Recognition

If we consider the example of the British Computer Society (BCS) we’ll discover that recognition equates to permission to use such things as the BCS logo on correspondence and permission to include post-nominal letters (relating to the BCS) after our names, among other things.

If we boil this down, essentially what we obtain from recognition is a marketable identity, that is, the member can use these permissions to market themselves, and an ‘image’ not dissimilar from what in another realm might be called a ‘corporate image’.

In essence, the member is able to market themselves as a product that employers or main contractors can easily and quickly relate to and make certain assumptions about their skills, knowledge and professionalism from.

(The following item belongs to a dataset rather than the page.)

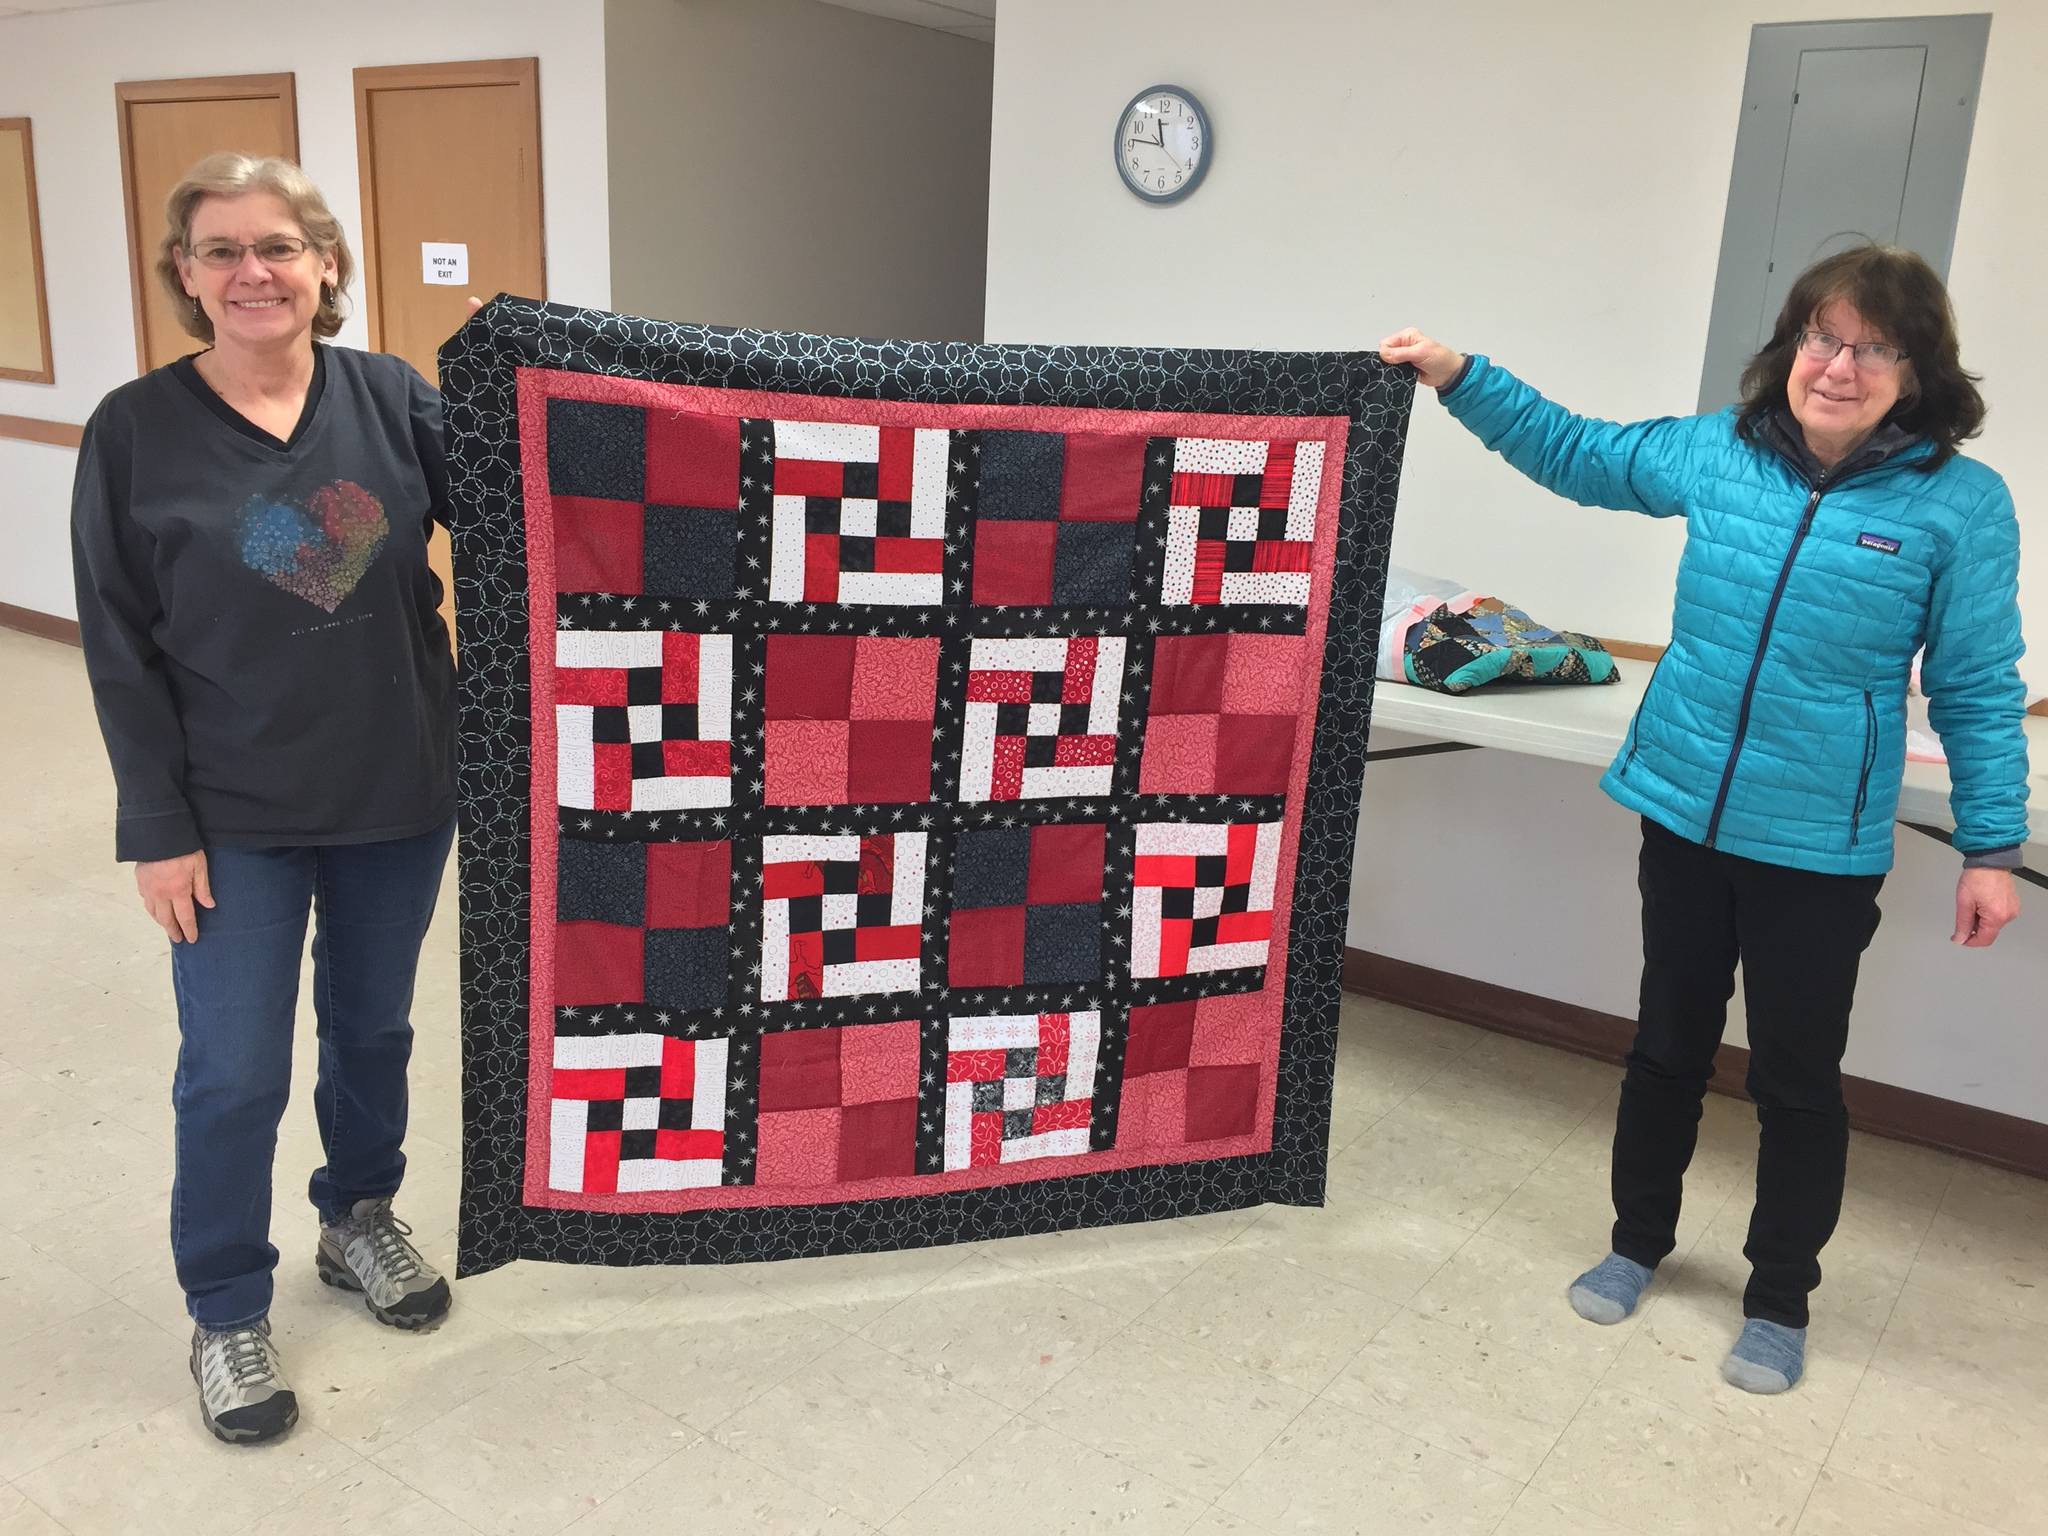 Photo provided Members of the Kachemak Bay Quilters show off one of their quilts.

The use of the word “assumptions” in the previous paragraph is important and underpins probably the single most important aspect of registration with any PB, in relation to obtaining employment, as it enables and potential employer to judge, within reason, the professional’s potential skill and knowledge level simply due to their membership of the PB.

Being a member of a PB is a bit like having passed Higher English at school; that is, if an individual wanted to employ someone to write a biography about themselves on their behalf and they were faced with two people that were identical in every way with the exception that one had an A in Higher English and one had a C in Higher English then they, the individual, would have to ask which one of the two people they would choose; obviously, unless the individual was just odd or in favour of the underdog, they would choose the one that on paper exhibits the recognition that they seek, as the A rather than the C implies a greater level of knowledge and ability.

PB membership is no different – in this biography scenario someone can be selected, with greater certainty, on the assumption that they possess certain knowledge and skill such as spelling, grammar and comprehension of layout without having to directly check these skills, again, due to their membership with whatever the relevant PB might be.

To an employer considering a potential employee this is what PBs provide; if the professional is admitted as a member they, the PB, are endorsing the professional’s skills and knowledge; therefore, any employer or contractor can then employ the member without having to directly test certain elements that they consider important as the professional’s very membership to the desired PB implies that these skills and knowledge have already been established.